Assignment:
The material below holds a span beginning at the line with "Makeup Forever Star" and ending at the line with "designer table lamps". Quote that span exactly, both ends included, and only that span.

Given entries:
□ □ □

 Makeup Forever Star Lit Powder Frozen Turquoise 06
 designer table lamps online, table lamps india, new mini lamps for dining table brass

□ □ □

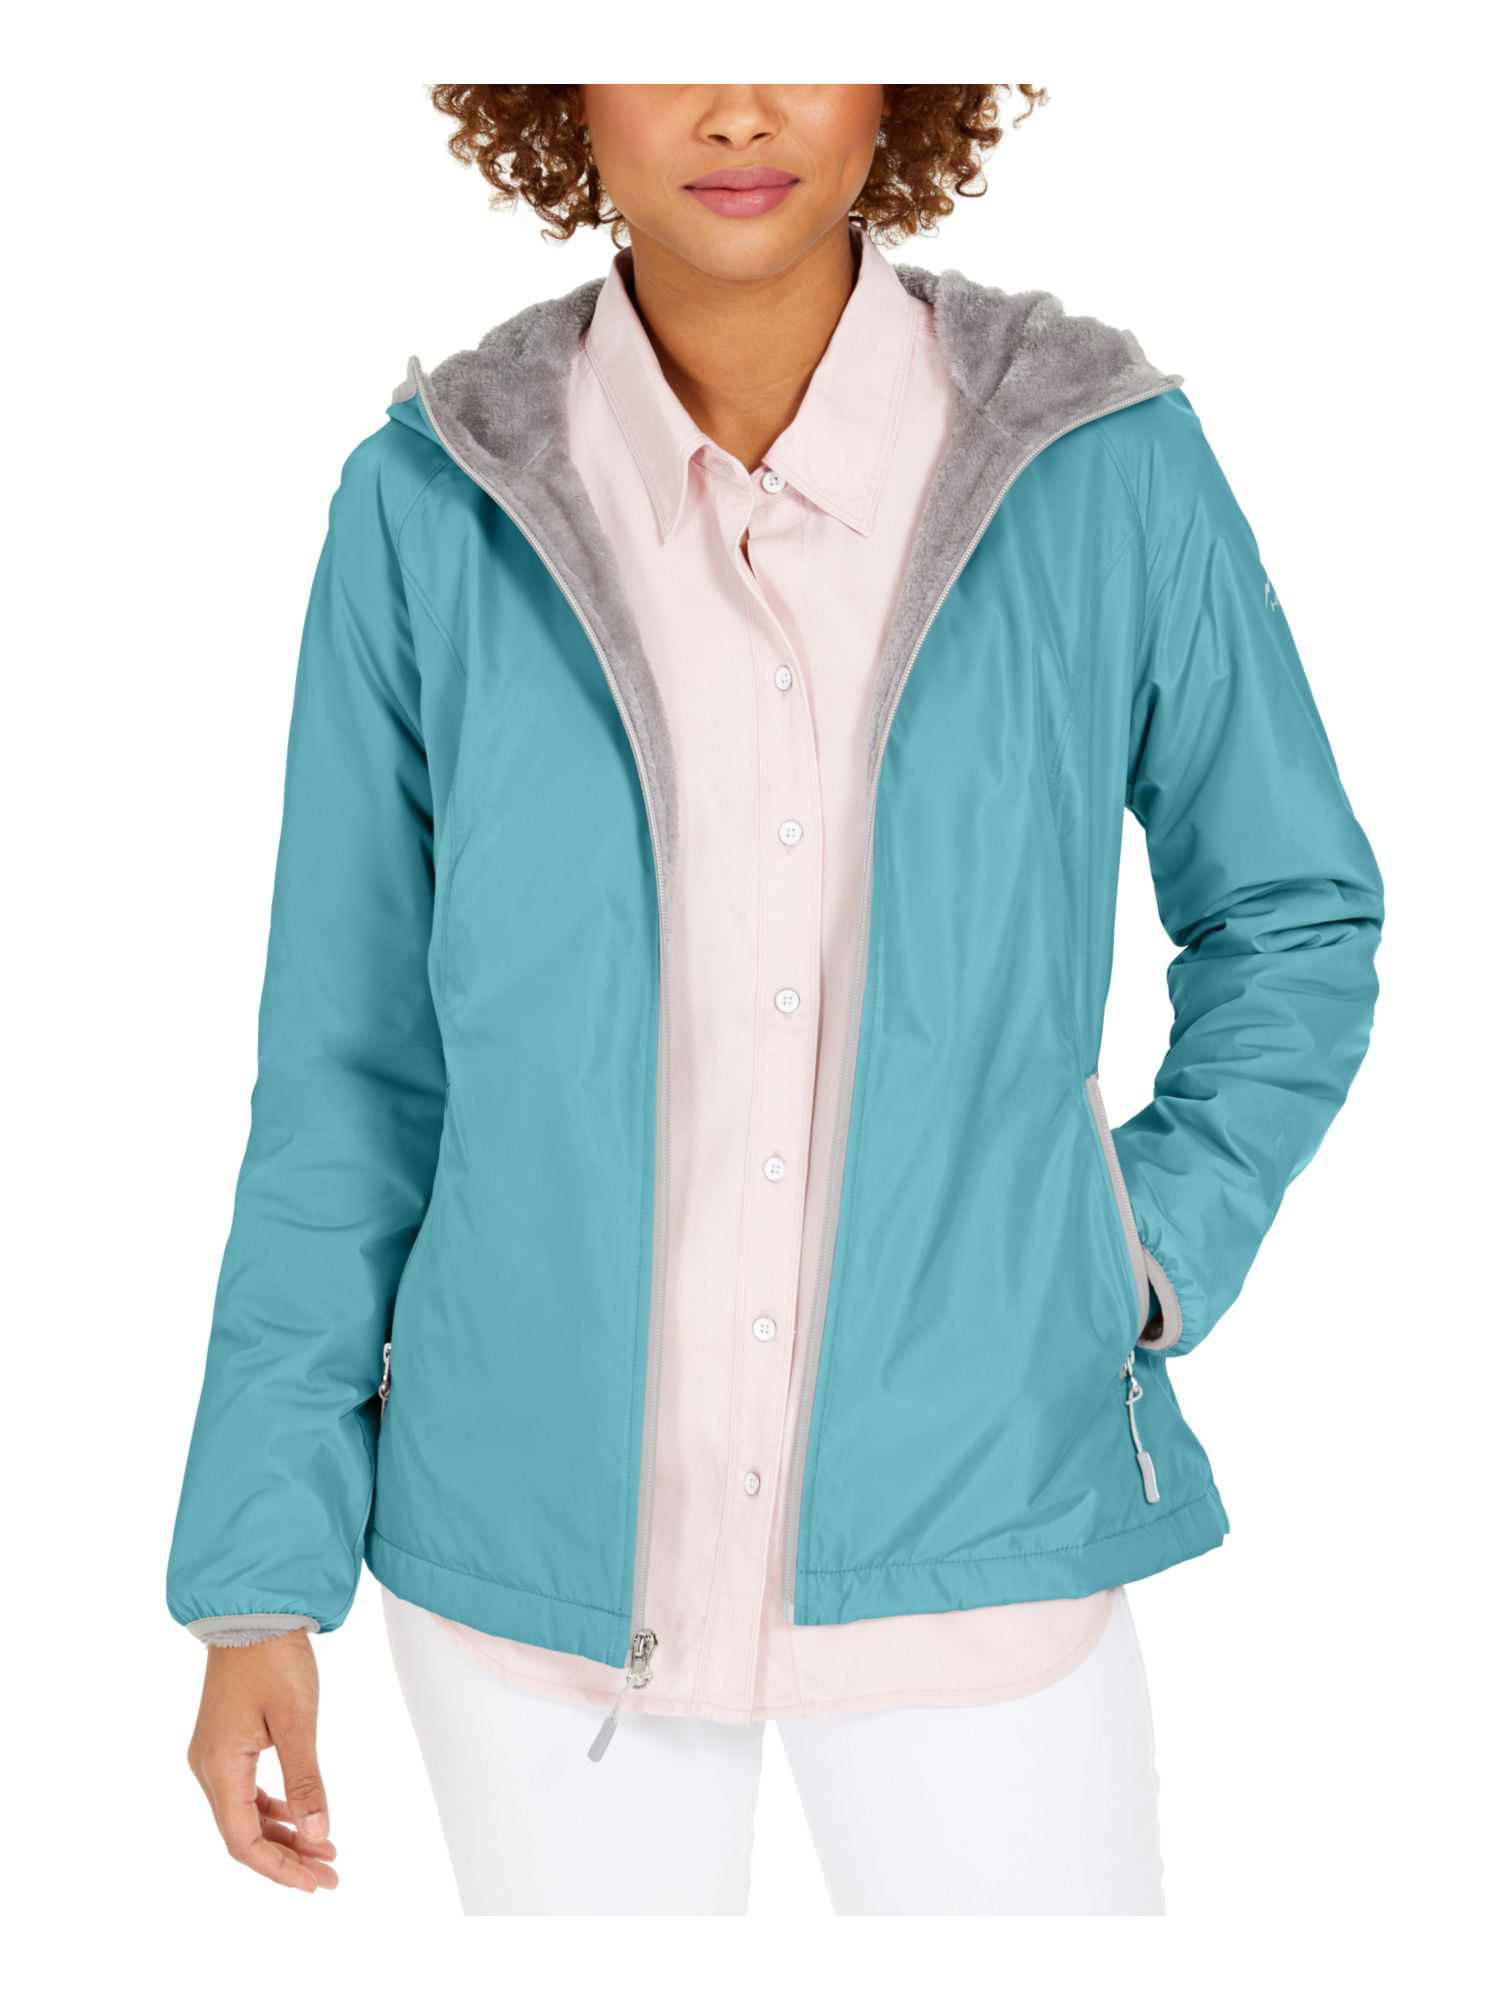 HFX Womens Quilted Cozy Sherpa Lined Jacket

□ □ □

Result of the exercise:
 Makeup Forever Star Lit Powder Frozen Turquoise 06
 designer table lamps online, table lamps india, new mini lamps for dining table brass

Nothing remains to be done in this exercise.